Başka bir grup da nafilelere fazla düşer. Farzlarla pek fazla ilgilenmez. Onların en çalışkanını kuşluk namazı, gece namazı ve benzeri nafilelerle sevinirken görürsün. Fakat farzdan bir zevk almaz. Farzı vaktin öncesinde kılmaya ilgi göstermez. Hz. Peygamber'in rabbinden rivayet ettiği şu hadîs-i kudsîyi unutur:

Bana yaklaşanlar, hiçbir zaman kendilerine farz kıldığım ibâdetin benzeriyle bana yaklaşmamışlardır.

Hayırlar arasındaki tertibi terketmek de şerlerin cümlesindendir. Hatta bazen insana iki farz gerekir. Biri edâ edildiği takdirde diğerini elden kaçırır. Diğeri ise öbürünü elden kaçırmaz veyahut da iki nafile var, birisinin vakti daralır, diğerinin vakti genişler. Eğer burada tertibi gözetmezse aldanmış olur. Bunun benzerleri sayılmayacak kadar çoktur. Çünkü günah açık olduğu gibi, ibadet de açıktır. Muğlak olan durum, farzların tamamını nafilelere takdim etmek gibi, ibadetlerin bazısının bazısına takdim edilmesidir. Farz-ı ayınları farz-ı kifâyelere, yapanı olmayan farzı kifâyeyi de yapanı olan farz-ı kifâyeye takdim etmek gibi... Farz-ı ayrıların en mühimini diğerlerine, fevt olanı fevt olmayana takdim etmesi gibi... Bu durum, tıpkı anne ihtiyacını baba ihtiyacına takdim etmenin farz olması gibidir; zira Hz. Peygamber'e şöyle denildi:
-Önce kime iyilik yapayım ey Allah'ın Rasûlü?
-Annene!
-Sonra kime?
-Annene!
-Sonra kime?
-Annene!
-Sonra kime?
-Babana!
-Sonra kime?
-Sana en yakın olana ve yakınlık derecesinde onu tâkip edenlere!

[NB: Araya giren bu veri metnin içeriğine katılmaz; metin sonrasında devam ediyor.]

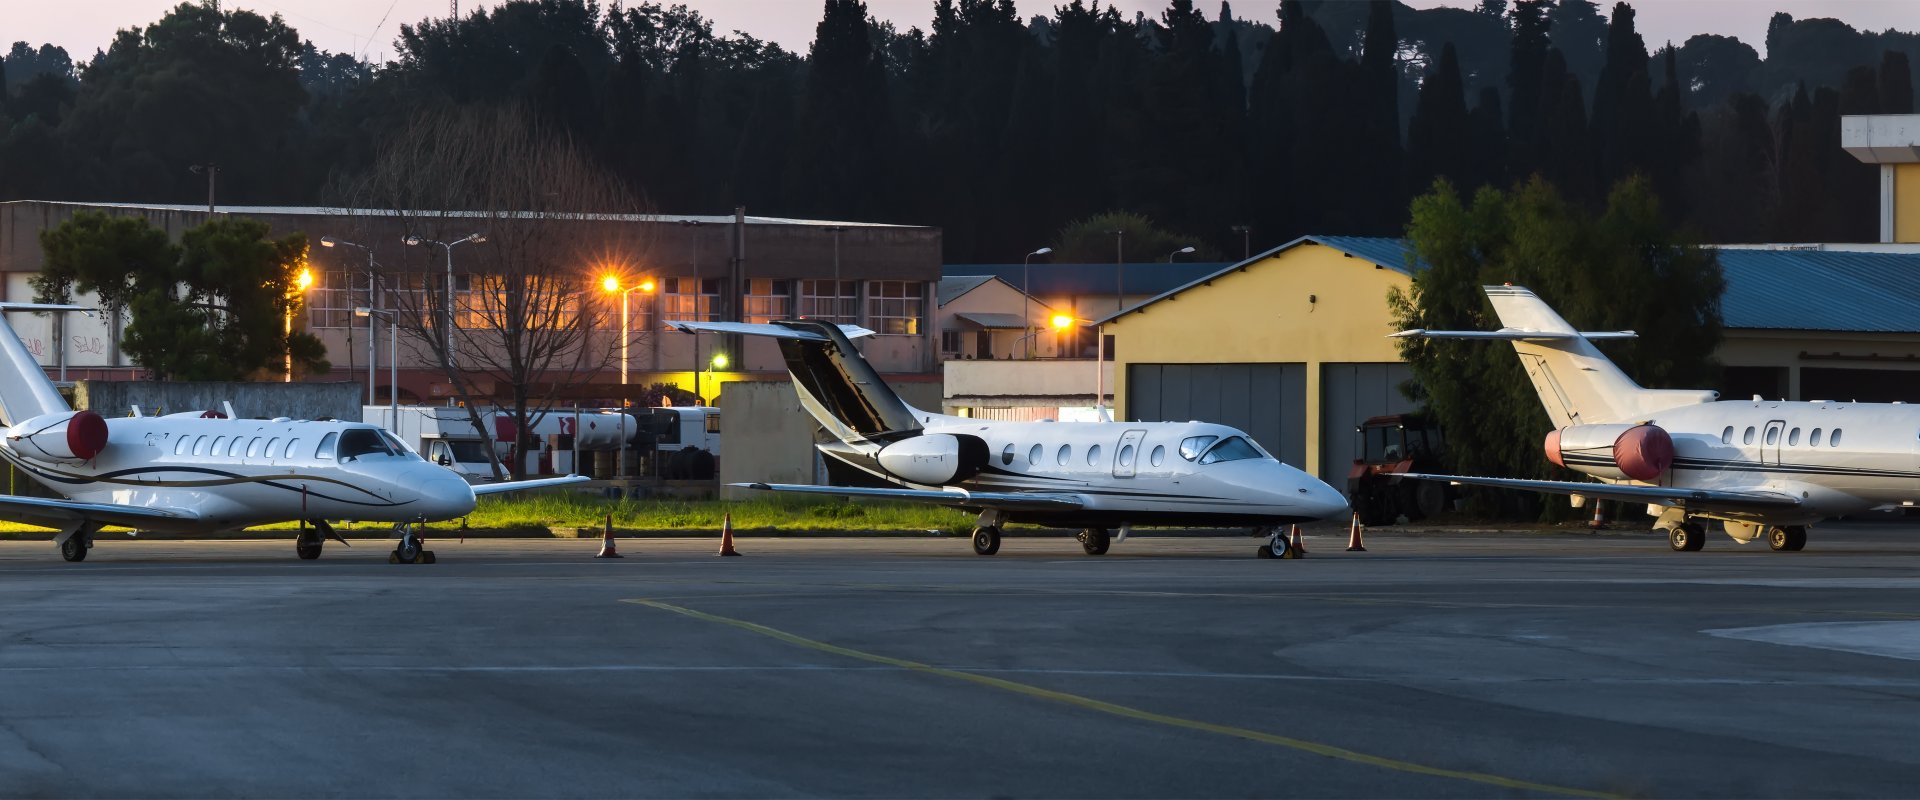 three private jets on stand parked at the airport
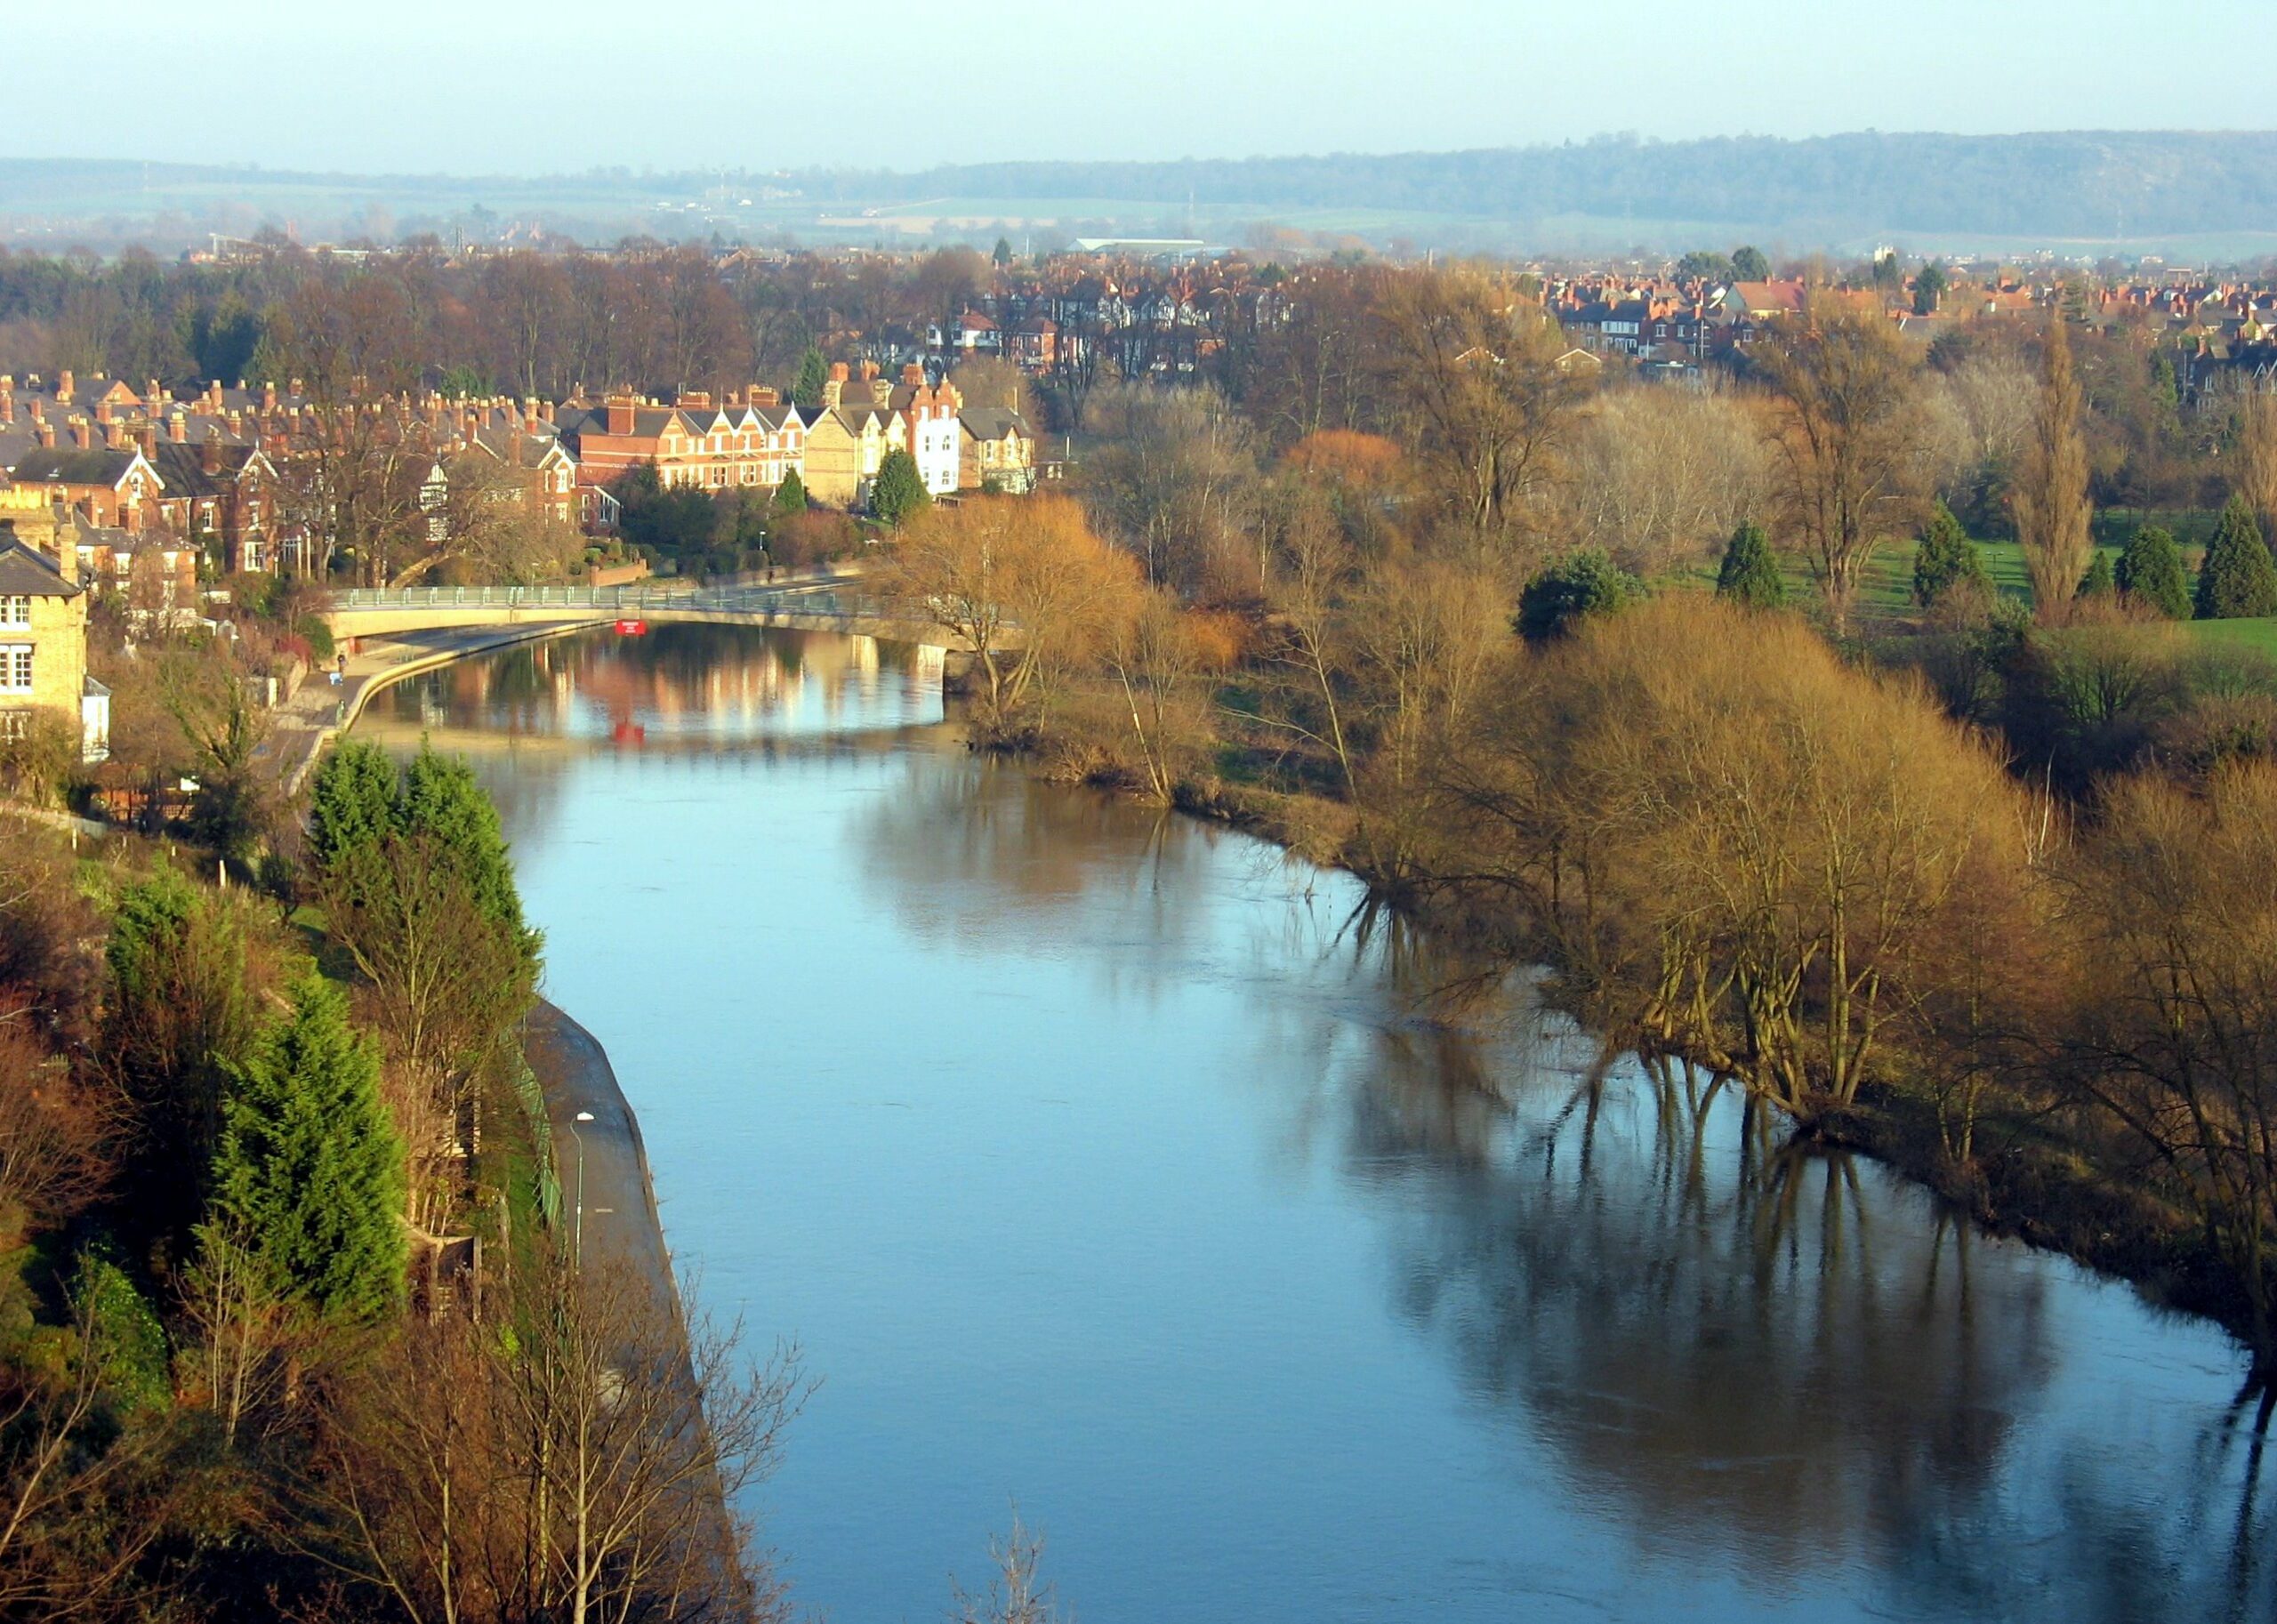 A shot of the river Severn with a bridge crossing it

Bu bakımdan sılayı rahime en yakınından başlamak uygundur. Eğer hepsi aynı derecede iseler en muhtacından başlamalıdır. Eğer ihtiyaç hususunda da müsavi iseler en muttakîsinden başlamak daha uygundur.

Böylece eğer malı, anne ve babasının nafakası ile hacca yetmiyorsa, buna rağmen hacca gidiyorsa mağrurdur. Anne ve babasının hakkını hacca tercih etmesi uygundur. Bu, daha mühim olan bir farzı, ihtimam bakımından ondan biraz geride kalan bir farza takdim etmek demektir. Böylece kulun üzerinde bir va'd varsa, cum'a'nın vakti de gelmişse, sözünü yerine getirmekle meşgul olmak ile cum'ayı elden kaçırıyorsa bu durumda va'dini
yerine getirmekle meşgul olmak mâsiyettir. Her ne kadar sözünü yerine getirmek haddi zâtında ibadet ise de...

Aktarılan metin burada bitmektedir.